September 14, 2009 at 7:45 pm
I have a 16digit credit number in a table column which I want to search by last 3-4 digits. ex:
*1234 or * 123 gives records with those suffix digits. Please advice
September 14, 2009 at 9:15 pm
Assuming CC column is a varchar(16) or char(16)..
You could try a LIKE operator
something like
WHERE CCColumn LIKE '____________1234'
That is 12 underscores which in a LIKE operator equals any single character, in other words, we don't care about the first twelve characters.
There is also RIGHT but you take a HUGE processing hit to do it so I'm not going to demonstrate it.
CEWII
September 15, 2009 at 4:15 pm
Elliott W (9/14/2009)
There is also RIGHT but you take a HUGE processing hit to do it so I'm not going to demonstrate it.
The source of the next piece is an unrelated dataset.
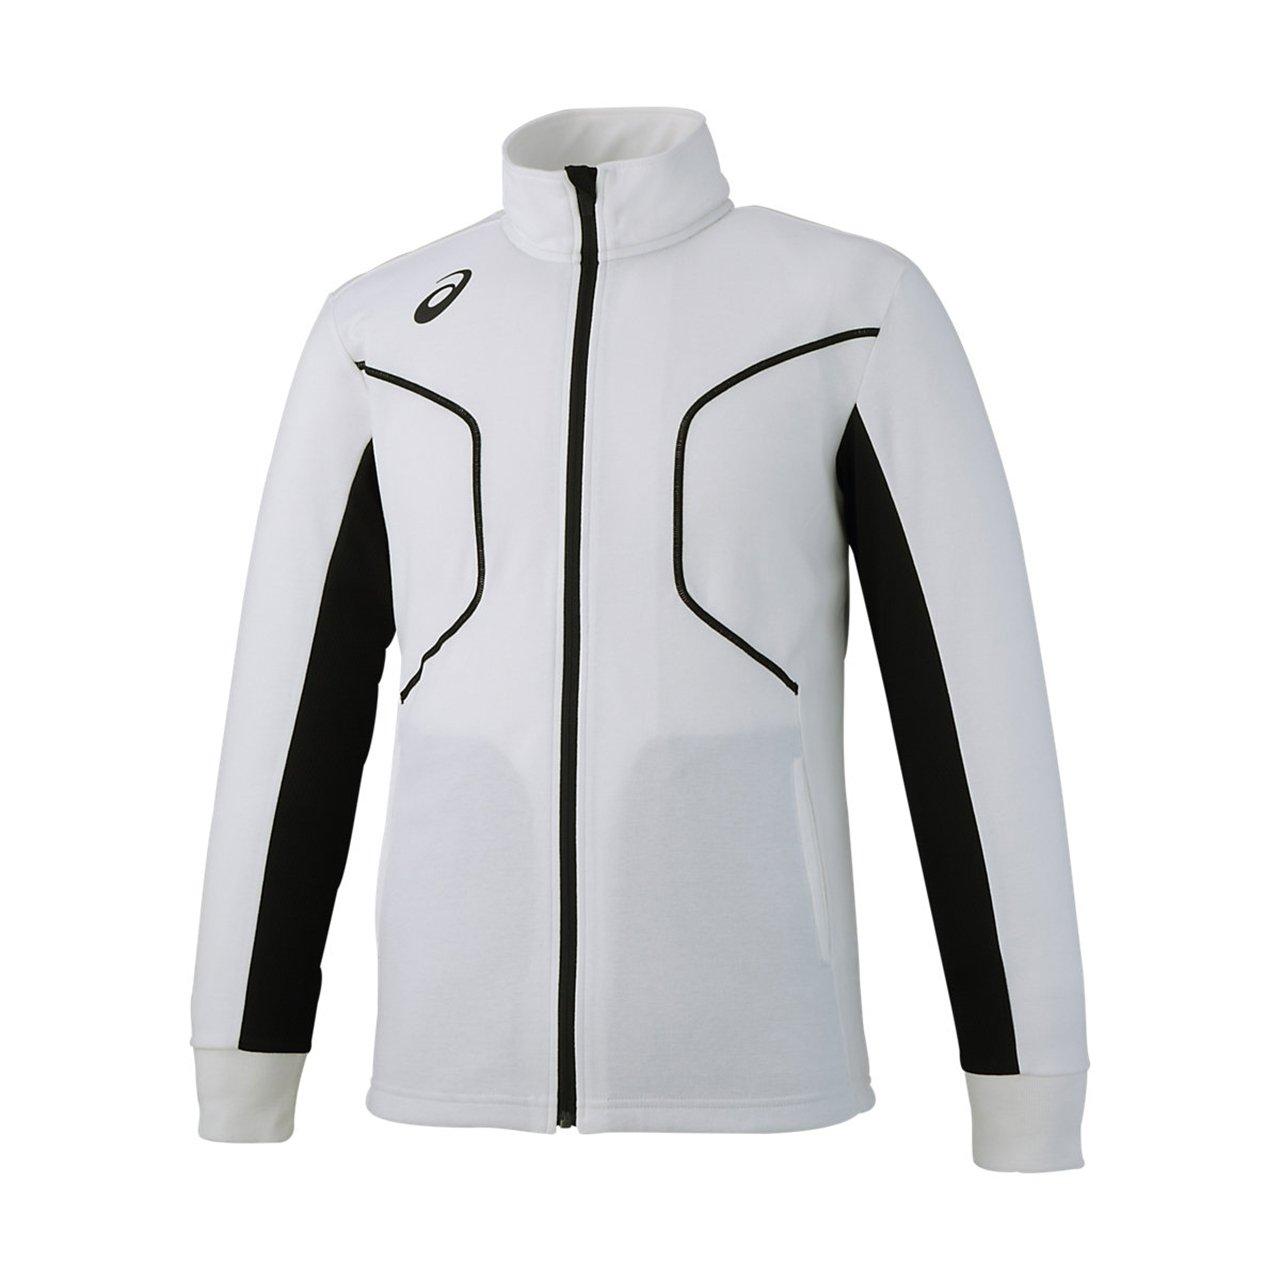 [アシックス] トレーニングウエア トレーニングジャケツト [メンズ] XAT300 B078Z9D156 XXXX-Large|01:ホワイト 01:ホワイト XXXX-Large

I must say I found the complete opposite - I used to manage a loyalty system which had about 14 million card numbers in, and I found that searching with RIGHT(cardnumber, 4) = '1234' gave me much quicker results than LIKE '%1234'.
I don't have the opportunity to test on that data set any more though, so I'd be interested to see how LIKE '____________1234' compares with LIKE '%1234'...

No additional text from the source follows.